Finals Week: Everyone’s Worst Nightmare and Gettin’ Through It

 

It’s finals week, and already someone told me they hate me. Wednesday and Thursday were reading days, and I spent a total of maybe five hours studying. I went Latin dancing, got some free end-of-the-year food, went out for ice cream, watched some TV, applied for a couple jobs, and hung out with the homies. On Friday (the first day of finals), I went to work, watched some tennis, ate Korean food, and then quoted Napoleon Dynamite. So you can say that my finals week began pretty dang well.

Saturday I took two tests—one completely open note and one basically-the-study-guide. Because of all that, people told me they hate me.

Why does everyone hate finals week? Because it’s a week of cramming the whole semester into your 12-hour short-term memory. On top of that, people usually forget to eat and sleep during this week too. And eating and sleeping are the good stuff. So people are missin’ out.

But guess what? You’ll probably do better on your tests if you aren’t stressed. HA. Are you laughing? Because I’m not.

Here’s what I’ve learned about stress: it can get worse. If you eat, sleep, and exercise, then you’ll preform a lot better. Sure, there are constraints on study time, but if you take care of your body, your mind will be more alert and effective when you do go to take that monster test.

Or you could be the monster. “If I don’t sleep or eat, I’m a monster,” said me every day of my life. My stepmom will attest to that.

Various studies have shown that daily “stressors” have physical and emotional effects on our ability to function. Think about the movie She’s the Man. Viola’s soccer team got the boot, so she walked home with her hoodie up while listening to a melodramatic song. Her hoodies made her physically look like her brother from the back and her cathartic-sounding song let her continue in her mope-ery.

Okay, getting to the important stuff. How do we get our stress levels under control so we can test better?

 

3 Tips to Stay on Top of Finals

  1. Exercise

In a study published in Psychology of Sport and Exercise, Birte von Haaren and colleagues found that exercise reduced students’ stress levels when they were given an academic exam.

Exercise

Take a run. Maybe you’ll find a zombie to chase you. That’s what I call motivation.

You’re welcome. You now have permission to take an hour-long study break to do a dance workout.

  1. Eat Good Food

Is it really necessary for me to convince you of this one? Food is good. Eat it.

In a recent Scientific American Mind article, “The Best Diet for Your Brain,” Bret Stetka explains a study the proved that eating healthy can improve your mood. When our mood is improved, our stress doesn’t seem too bad.

Food

You eat that watermelon girlfriend, eat!

The other day I was working and I thought I was going to throw up and then pass out. After I ate, I was fine.

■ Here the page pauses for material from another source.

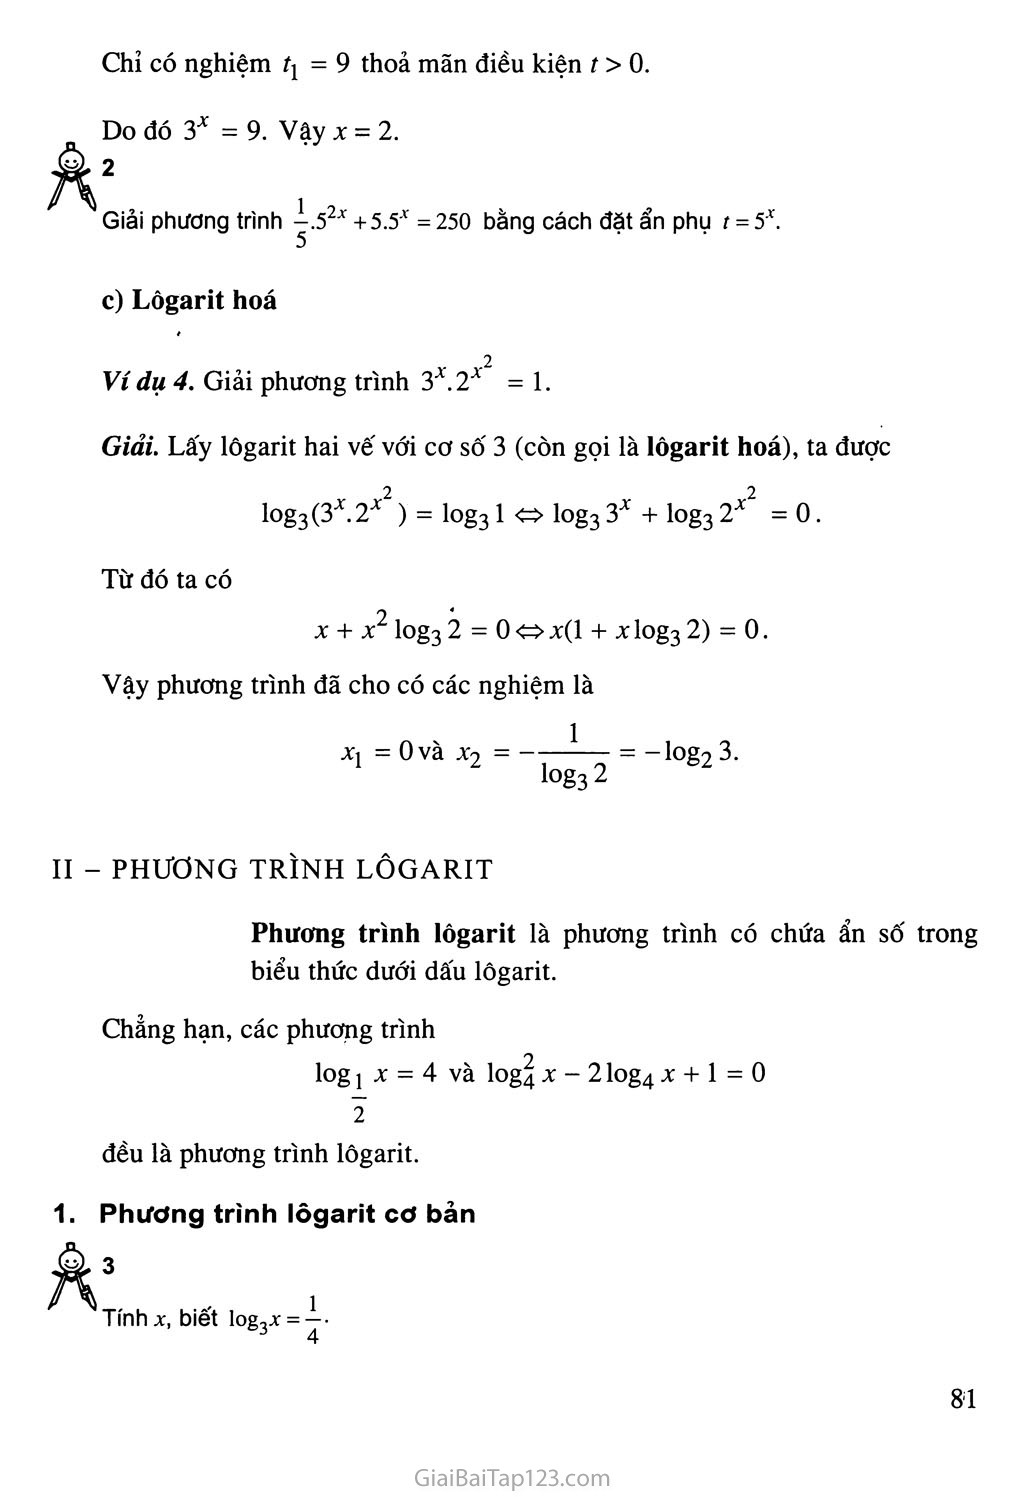 Bài 5. Phương trình mũ và phương trình lôgarit trang 4

Point and case.

  1. Sleep

In a University of Texas research article, “Sleep: An Important Factor in Stress-Health Models,” Benham states, “Research demonstrates that higher psychological stress is related to shorter sleep duration and poorer sleep quality.”

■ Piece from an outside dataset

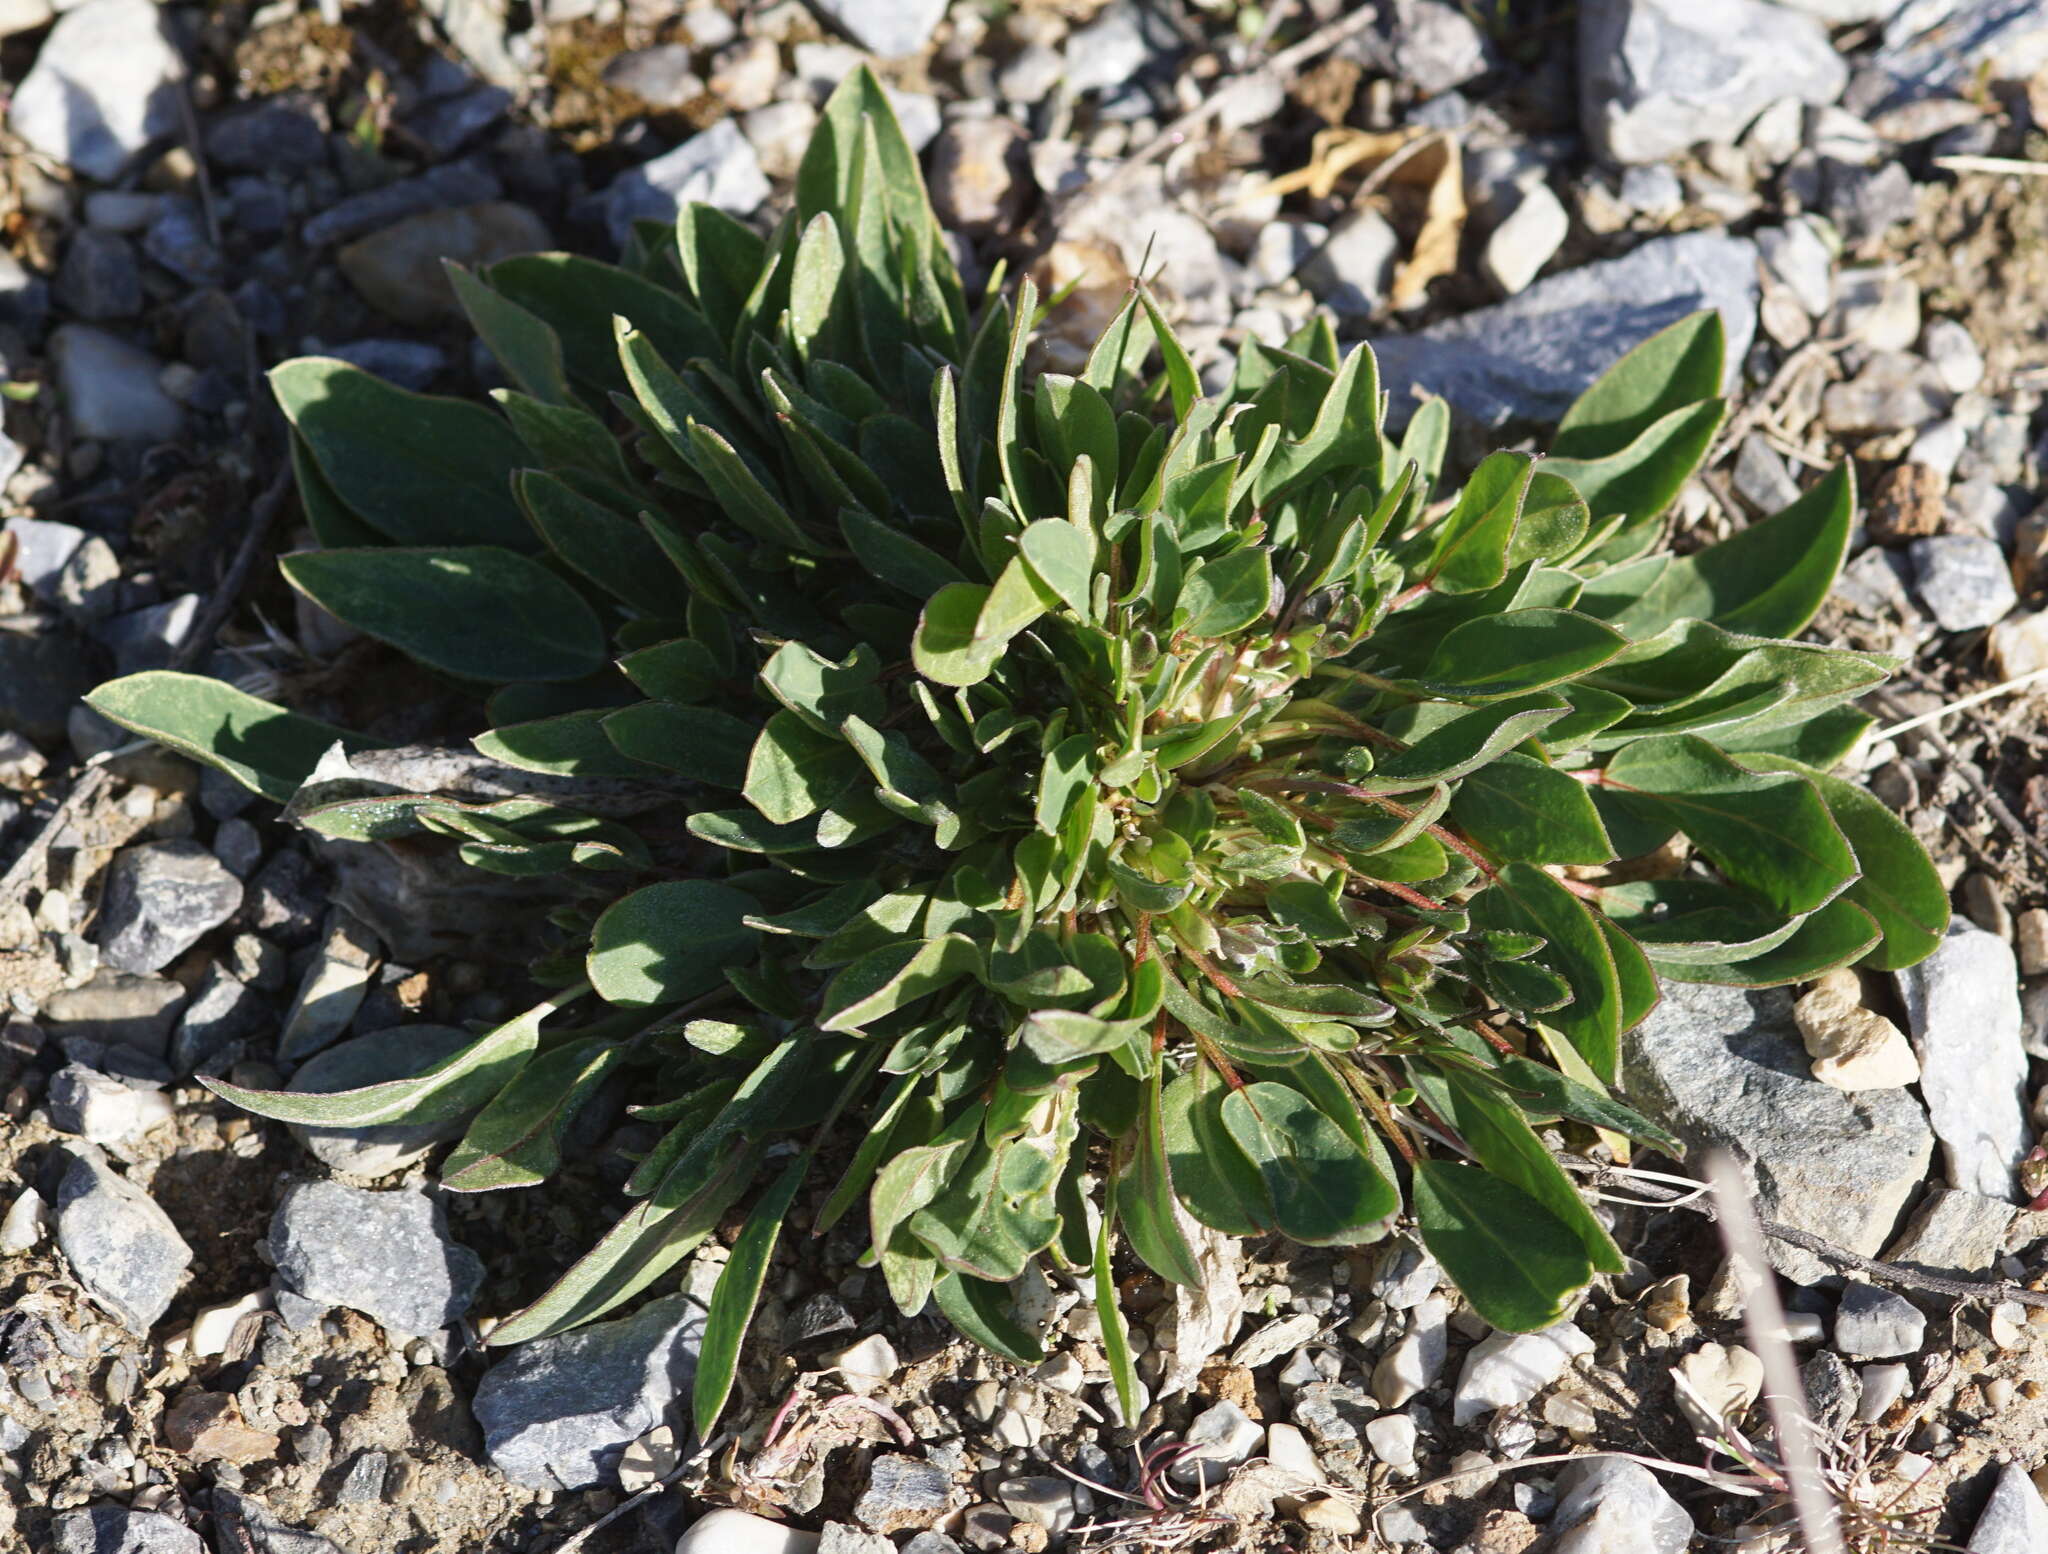 Plancia ëd Anthyllis vulneraria subsp. alpestris (Hegetschw.) Asch. & Graebn.

But it also states that the correlation is “far from perfect.” So there’s that.

Sleeping

How we sleep so we can do good on those tests and stuffs.

But we’ve all been that student that is taking notes while falling asleep. When we go to review our notes next time, all we see are squiggles on the page. Then we’re stressed because we only have two hours until the exam, and we have no clue what we’re supposed to know from that one lecture.

If that doesn’t tell you that sleep can help you avoid being stressed out, well…I’m sorry.

 

So enjoy life a little during finals week. It could benefit you in the end. Peace out.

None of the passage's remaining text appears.